The Fate of Keynesian Faith in Joseph’s Countercyclical Moral

Into the fifth year of the Great Recession our nation’s scarcity of jobs continues to condemn tens of millions of us to suffer a hard life of involuntary unemployment, underemployment, and insufficient wages. One would hope that any future political agreements made to mend the fiscal health of the nation would not worsen this scarcity, but lead directly to solving it. A crucial way to accomplish this would be for our leaders to reassert their faith and confidence in the primary efficacy of economics’ countercyclical principle in fashioning these agreements. After all, thousands of years of evidence prove the overwhelming effectiveness of the countercyclical moral, that jobs, fiscal health, and prosperity are best grown and sustained by spending in times of scarcity, and saving in times of plenty.

According to the biblical legend,1 the countercyclical moral was suggested to Pharaoh by a Hebrew named Joseph after Pharaoh was disturbed by two dreams. The first dream concerned seven fat and seven scrawny cows, and the second about seven full and seven withered ears of corn. In both the lean ate up the fat. That there were two dreams made the moral all the more insistent, and the consequences all the more potentially catastrophic if not heeded.

Pharaoh called upon Joseph, a celebrated diviner of dreams. After listening to the dreams Joseph told Egypt’s supreme ruler that his people were about to experience seven years of plenty, followed by seven years of famine. Without a pause Joseph went on to suggest that Pharaoh set aside a fifth of the produce of the land during the years of plenty so that the people could survive the famine. Enlightened by Joseph’s rare familiarity with dreams, as well as his sound economic advice, Pharaoh promptly realized there was no man more evidently discerning and wise before him than Joseph, so he installed Joseph as his second in command, the Chancellor of the realm, especially to carry out the stated policy. As the legend is told, then, Pharaoh’s faith in Joseph’s countercyclical moral saved the Egyptian nation and Israel’s ancestors, thus the future of our Jewish, Christian, and Islamic Abrahamic heritages.

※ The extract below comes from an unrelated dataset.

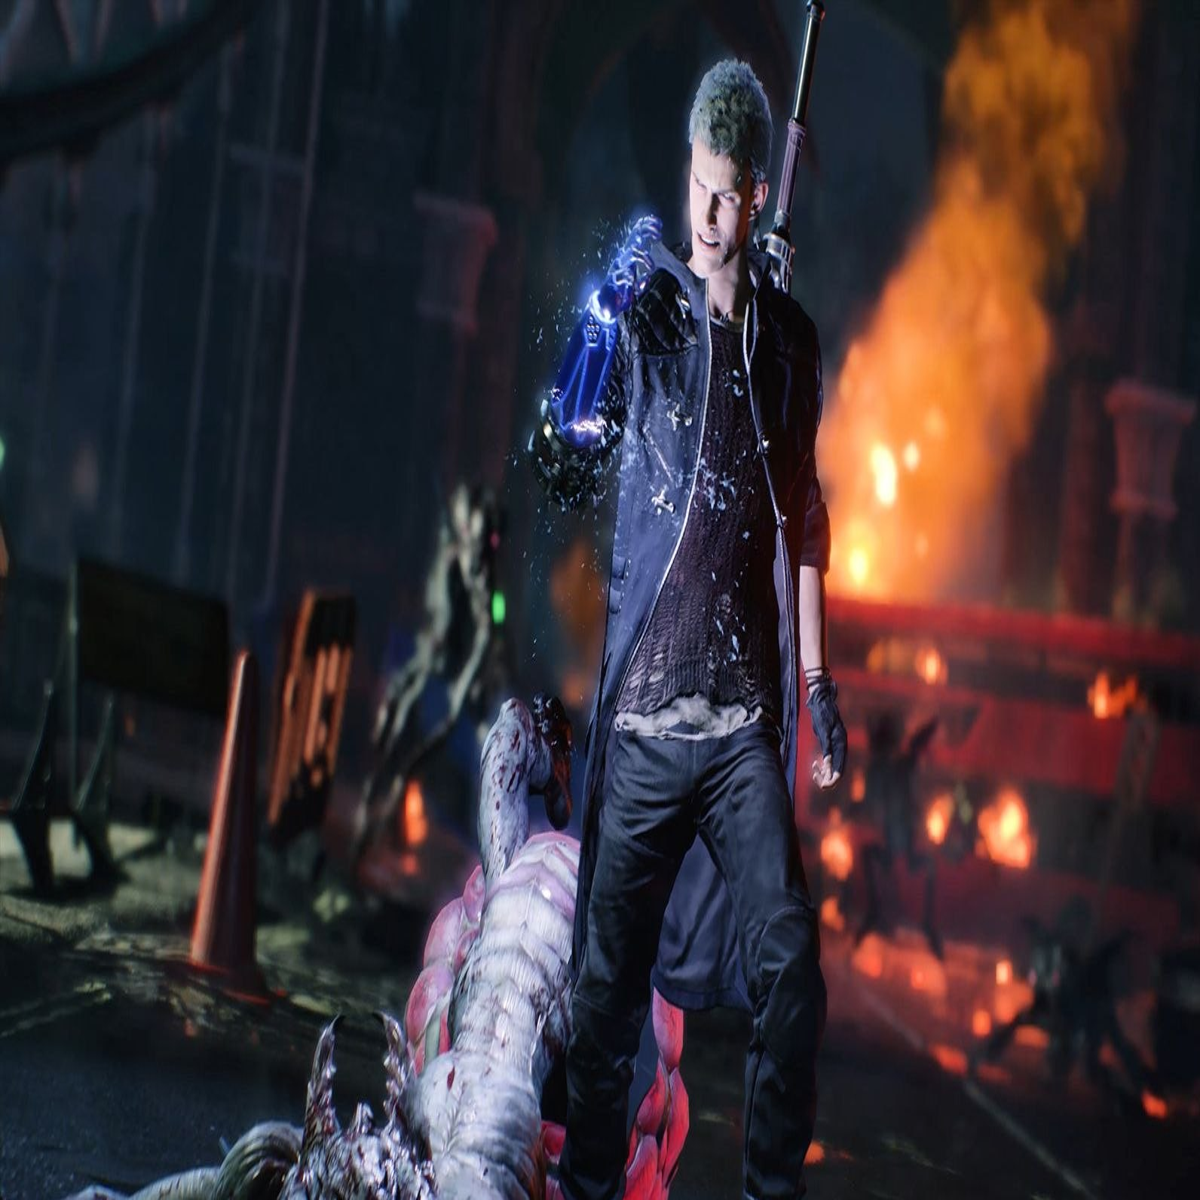 Devil May Cry 5 Dante in Depth Guide Full Tutorial

Today we face an economic problem which is a bit more sophisticated than agricultural husbandry as it was four thousand years ago or so. Happily, Joseph’s countercyclical moral is ubiquitously curative because old-fashioned fear and greed rule the outcome of any economy’s central question: How can we save ourselves through continuous times of plenty and scarcity?

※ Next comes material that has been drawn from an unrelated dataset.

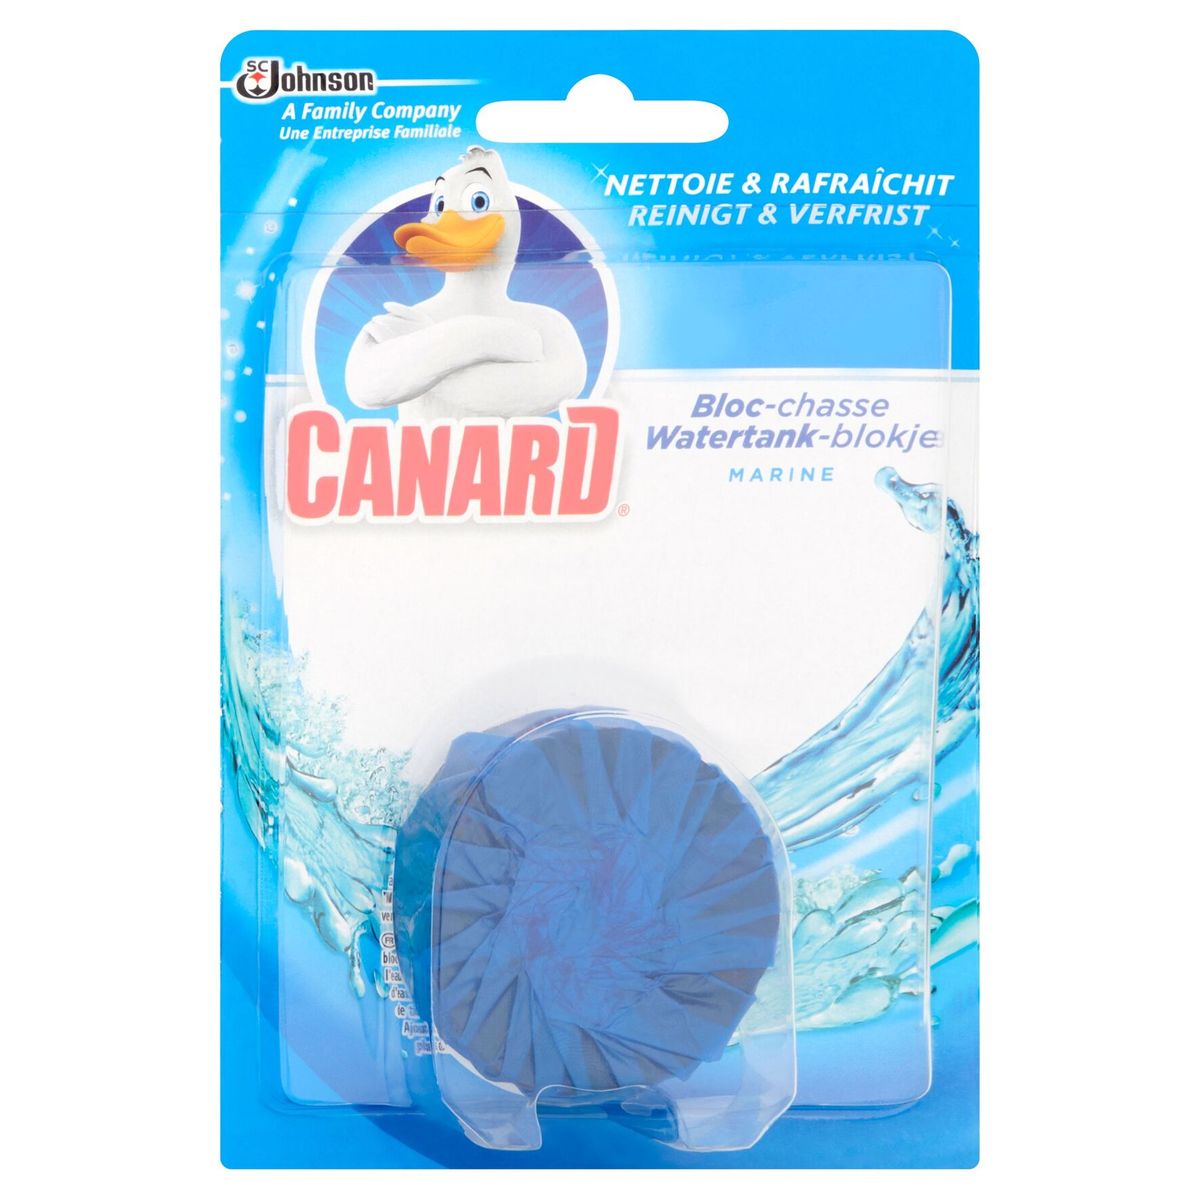 Canard®-Bloc-Chasse Marine -50 g

It is not difficult to imagine that without Joseph’s wisdom it is likely that our usual herd behavior would have prevailed in ancient Egypt by following a political script as old as the economic surplus. Compelled by their greed, Pharaoh and his rich and powerful retinue most likely would have kept the plenty to themselves no matter what the economic conditions, or costs, by skillfully manipulating the fear of the many, and above all by clinging to the power to control all resources. The father of modern economics, Adam Smith, thought this herd dynamic so commonplace that he took it for granted: “Civil government,” he said, “so far as it is instituted for the security of property, is in reality instituted for the defence of the rich against the poor, or of those who have some property against those who have none at all.” No doubt the rich, and their “little nobility,”2 as he put it, would have justified their behavior as necessary for the nation’s survival because the wealth of the “jobs creators” obviously over time trickles-down to the many, thus creating and insuring their and their children’s very livelihoods.

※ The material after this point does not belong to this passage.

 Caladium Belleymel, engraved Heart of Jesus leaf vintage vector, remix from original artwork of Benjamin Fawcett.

But Smith would have none of this tiresome rationalization for the oppression of the many by the few. Instead, witnessing on the pages of The Wealth of Nations to the unparalleled wealth accumulating in places like England and colonial America, he was convinced that it truly emerged from the bottom, up: “The natural effort of every individual to better his own condition, when suffered to exert itself with freedom and security, is so powerful a principle, that it is alone, and without any assistance, not only capable of carrying on the society to wealth and prosperity, but of surmounting a hundred impertinent obstructions with which the folly of human laws too often incumbers it operations; though the effect of these obstructions is always more or less either to encroach upon its freedom, or to diminish its security.”3 All we need to rise, then, from bare necessity or less is a level playing field, like a colonial America that was hungry for workers, or a new New Deal, perhaps. Otherwise we get the default effects of the old herd.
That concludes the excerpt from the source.